__BRIEF__: From the first line to the last, please reproduce the material exactly, skipping the pictures.

__DATA SEGMENT__:
* * *

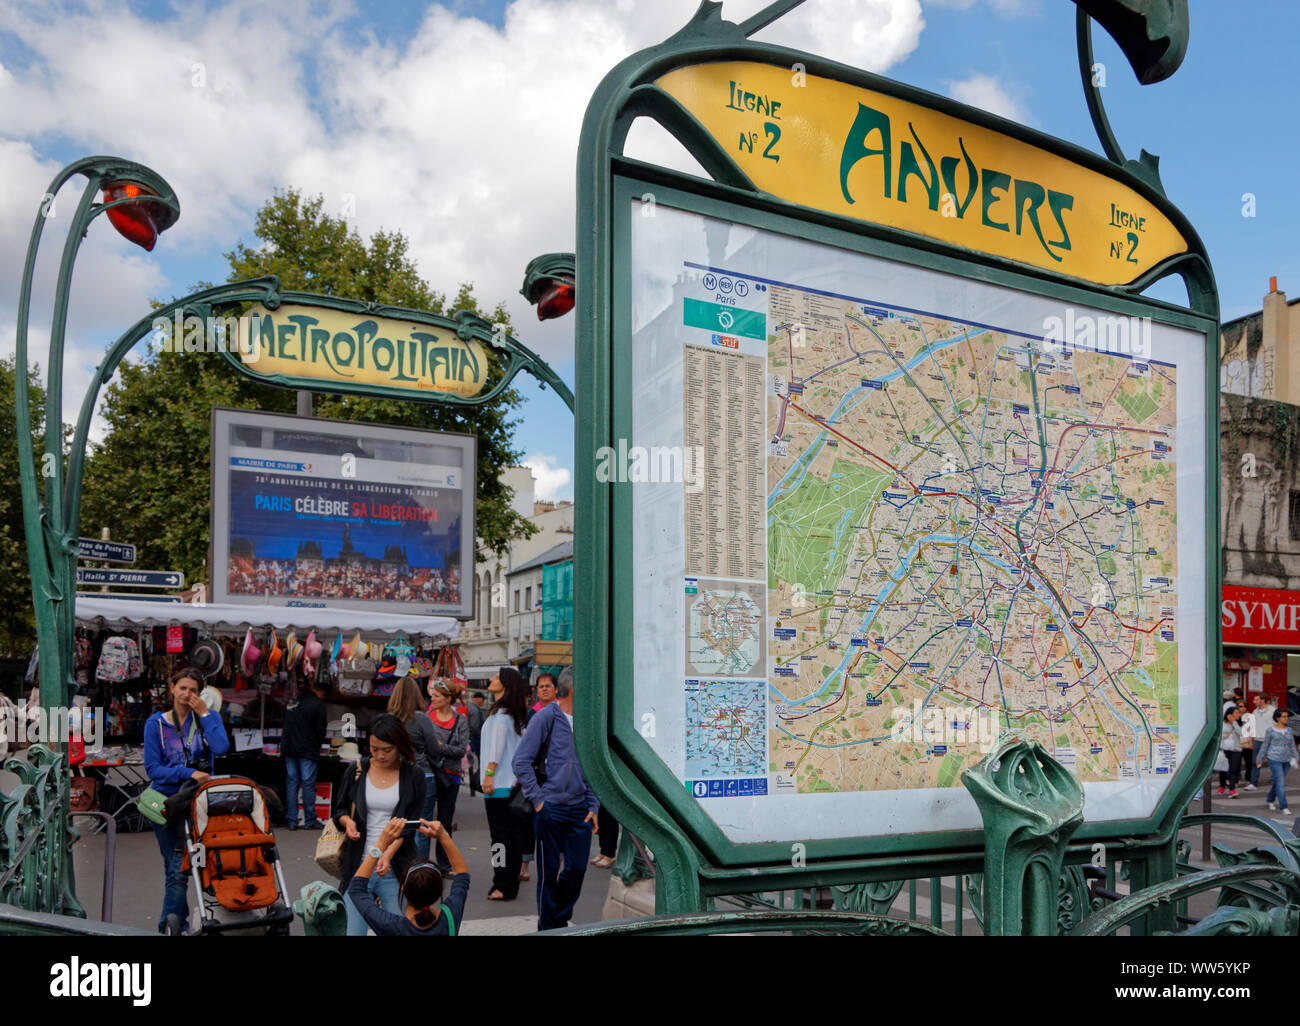 France, Paris, metro plan, signs, Anvers, Metropolitain, art nouveau, people Stock Photo
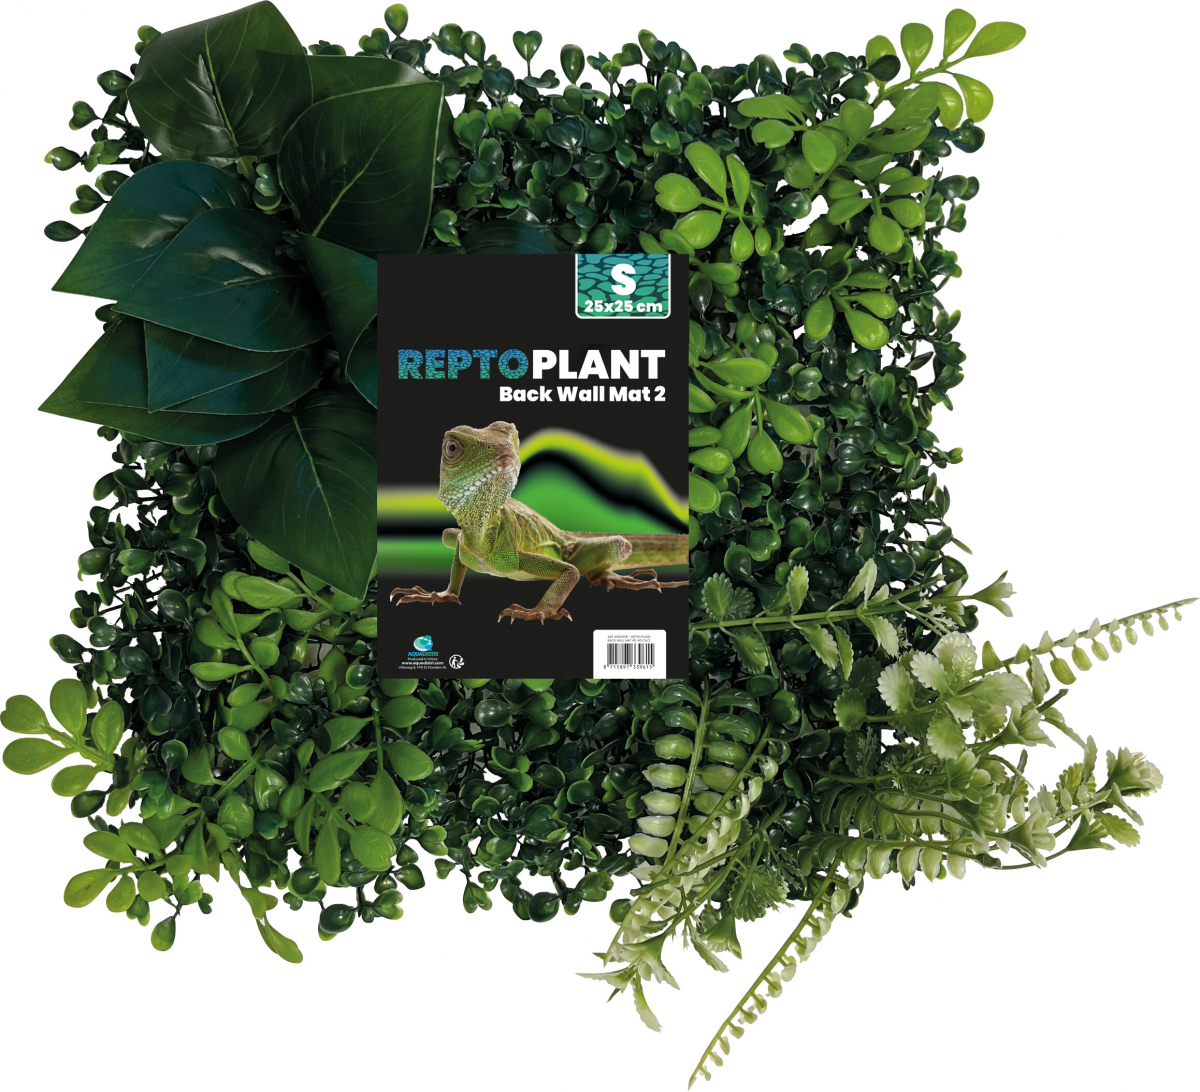 Mur végétal 25x25cm Repto Plant - 3 modèles
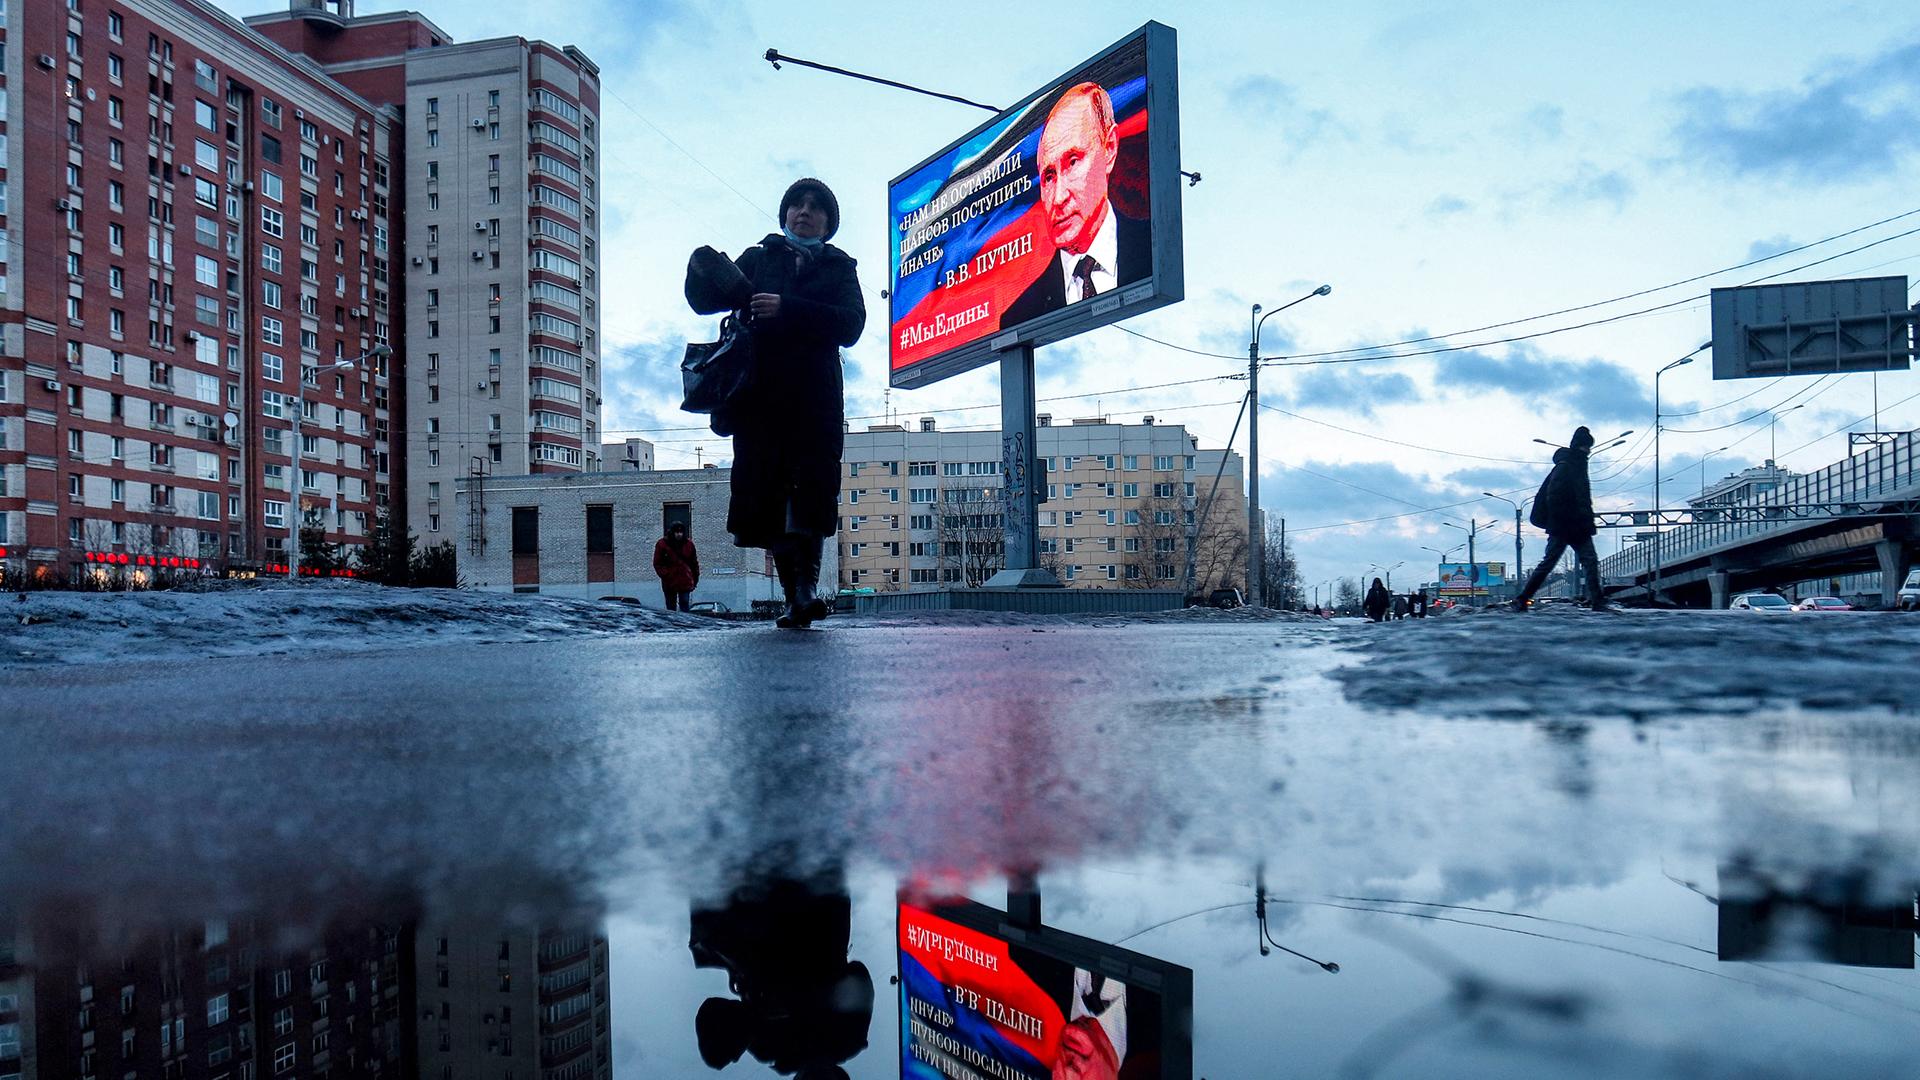 Fußgänger gehen an einer Werbetafel vorbei, auf der ein Bild des russischen Präsidenten Wladimir Putin und ein Zitat aus seiner jüngsten Rede an die Nation abgebildet sind: "Wir hatten keine andere Chance, als anders zu handeln".
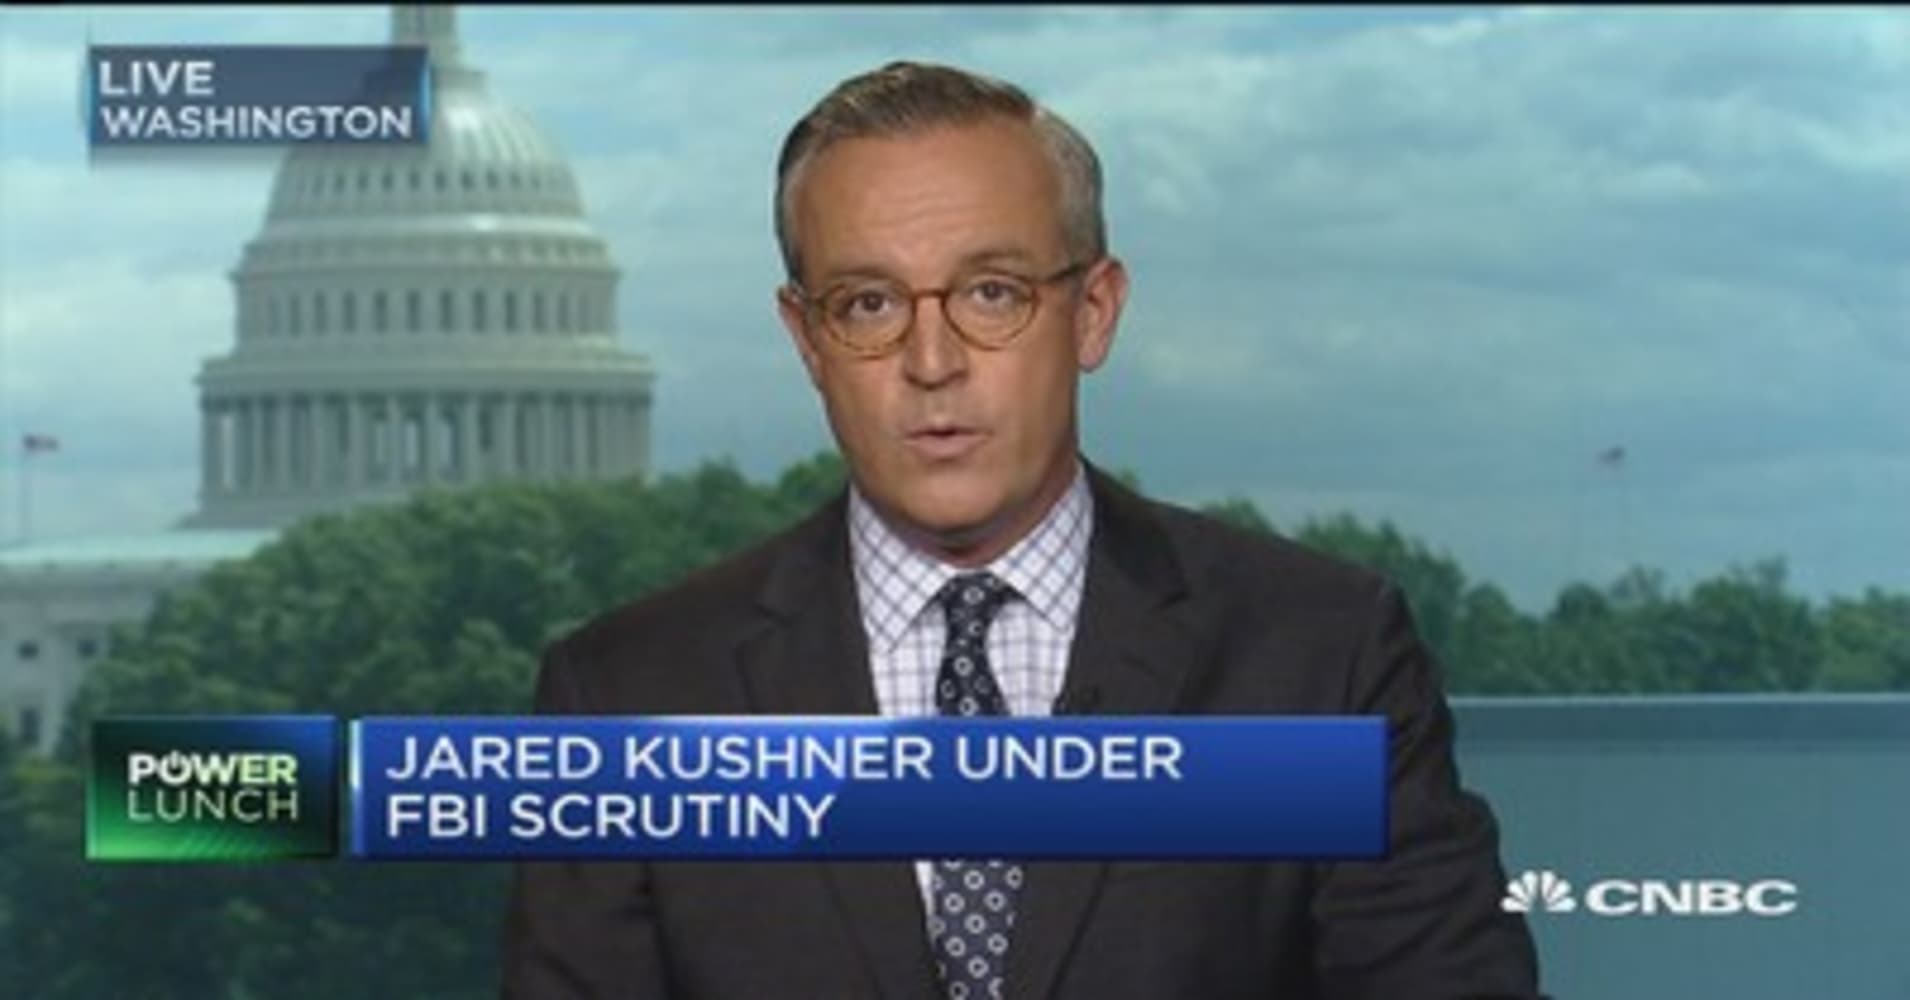 Jared Kushner under FBI scrutiny

* * *

__OUTPUT BELOW__:
 France, Paris, metro plan, signs, Anvers, Metropolitain, art nouveau, people Stock Photo
 Mur végétal 25x25cm Repto Plant - 3 modèles
 Fußgänger gehen an einer Werbetafel vorbei, auf der ein Bild des russischen Präsidenten Wladimir Putin und ein Zitat aus seiner jüngsten Rede an die Nation abgebildet sind: "Wir hatten keine andere Chance, als anders zu handeln".
 Jared Kushner under FBI scrutiny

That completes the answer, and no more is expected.